What we will miss the most

When members of Congress allied with one political party used the one-third rule to try to impeach the chief justice of the Supreme Court, the speaker of the House and the president of the Senate pushed the panic button and adjourned session immediately. It was a hurried attempt to defuse the impeachment bomb. Inevitably, the controversy exploded into a full-blown crisis, and reached the Supreme Court.

The year was 2003. Passions provoked by the vote engineered by the Nationalist People’s Coalition and their allies ran high; the defenders of Chief Justice Hilario Davide Jr., who had helped put the seal of judicial approval on the people-powered ouster of President Joseph Estrada less than two years before, were equally agitated.

On Nov. 10, less than three weeks after the attempted impeachment, the Court ruled the attempt unconstitutional. The decision—magisterial, assured, collected—helped still the roiling waters.

It was written by Associate Justice Conchita Carpio Morales.

“There can be no constitutional crisis arising from a conflict, no matter how passionate and seemingly irreconcilable it may appear to be, over the determination by the independent branches of government of the nature, scope and extent of their respective constitutional powers where the Constitution itself provides for the means and bases for its resolution,” it said.

Reading the decision again, in light of the present Supreme Court’s pusillanimity, I am struck by Morales’ serene confidence in the power of the Constitution to resolve political conflict.

“… It is with the absolute certainty that our Constitution is sufficient to address all the issues which this controversy spawns that this Court unequivocally pronounces, at the first instance, that the feared resort to extraconstitutional methods of resolving it is neither necessary nor legally permissible.

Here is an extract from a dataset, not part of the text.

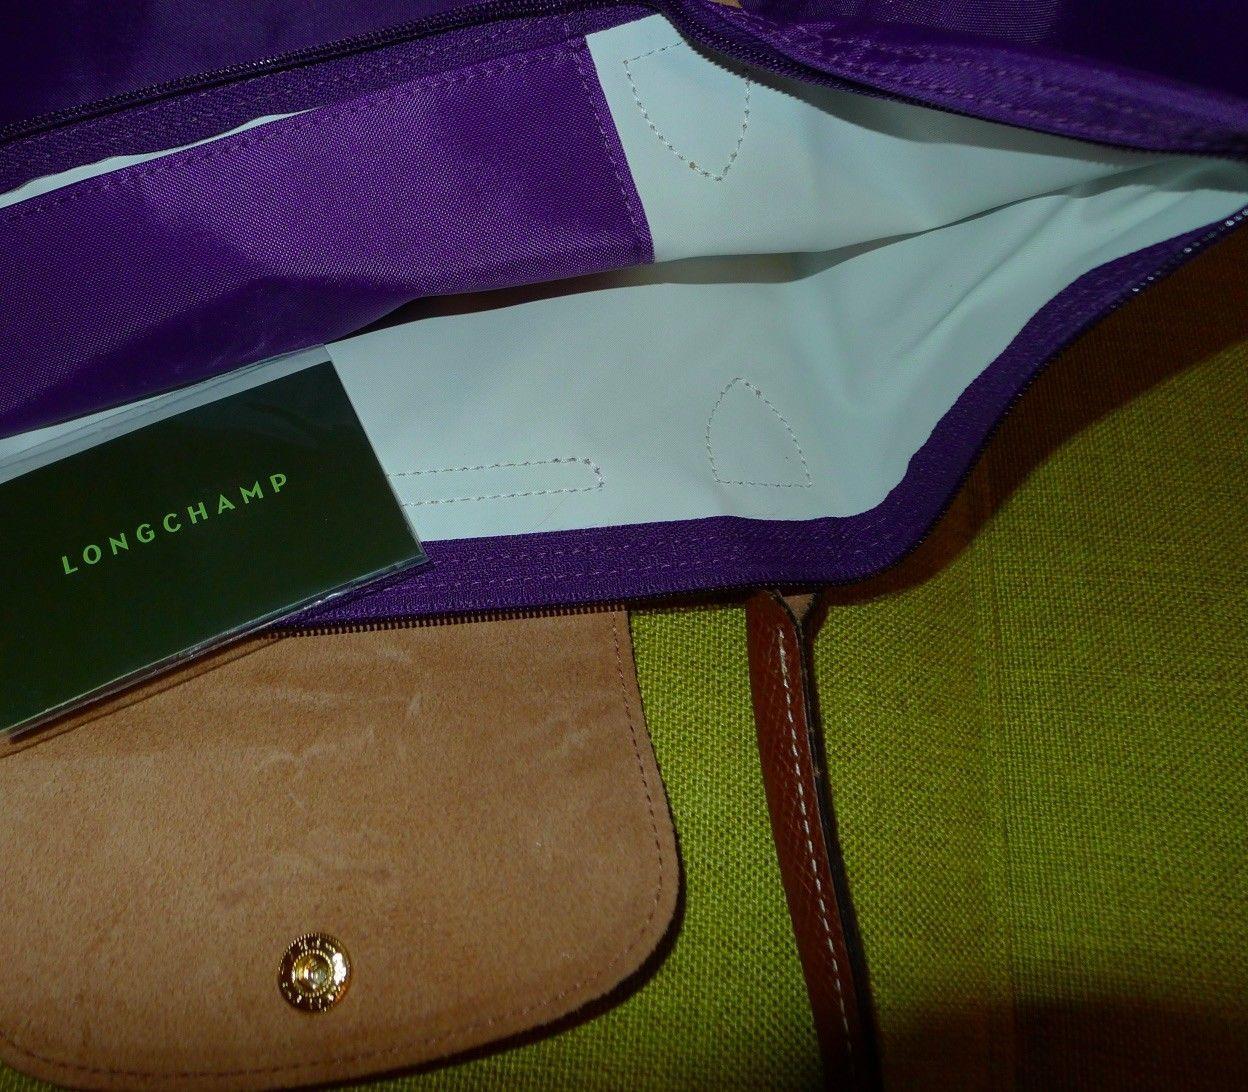 Longchamp Le Pliage Large Nylon Tote amethyst

Both its resolution and protection of the public interest lie in adherence to, not departure from, the Constitution.”

I have written before of the contrast between President Duterte’s uses of the law and those of lawyers like Sen. Leila de Lima, Chief Justice Maria Lourdes Sereno, and Morales. “They and others like them make the rule of law possible; [Solicitor General Jose] Calida and [then Justice Secretary Vitaliano] Aguirre, and Mr. Duterte, make the rule of law necessary.”

But in her first great decision, a true landmark in Philippine jurisprudence, Morales expressed a personal credo that stands as the exact antithesis of the President’s position.

The only time Mr. Duterte visited the Inquirer, in August 2015, he already spoke of how limiting the Constitution was. “I have to stop criminality and corruption. I have to fix this government. I won’t do it if you want to place me there with the solemn pledge to stick to the rules,” he said. By limits, he meant that the Constitution unduly restricted the powers of the presidency. He did not want to stick to the rules. He also said: “The wellspring of corruption is the Constitution itself.”

Contrast these remarks with Morales’ phrasing, a formula for the ages: The protection of the public interest lies “in adherence to, not departure from, the Constitution.”

The mandated retirement of Justice Conchita Carpio Morales as Ombudsman is a keenly felt loss, because it comes at a time when official disrespect for the rule of law runs rampant—and because she served, in the last two years, as the President’s opposite. She did not seek this role; neither did fellow lawyers De Lima, Sereno and, initially, Vice President Leni Robredo. But the President promised change; instead, he has dragged us back to the past—where the rule of law is weaponized, state violence is the first resort, and the rambling words of one man are taken as a new gospel.

Morales’ conclusion in Francisco vs House of Representatives is a stirring meditation on how the constitutional order and the rule of law can be used to serve the people’s greatest needs—and a sobering measure of how far down we’ve come.

“The Filipino nation and its democratic institutions have no doubt been put to test once again by this impeachment case against Chief Justice Hilario Davide. Accordingly, this Court has resorted to no other than the Constitution in search for a solution to what many feared would ripen to a crisis in government. But though it is indeed immensely a blessing for this Court to have found answers in our bedrock of legal principles, it is equally important that it went through this crucible of a democratic process, if only to discover that it can resolve differences without the use of force and aggression upon each other.”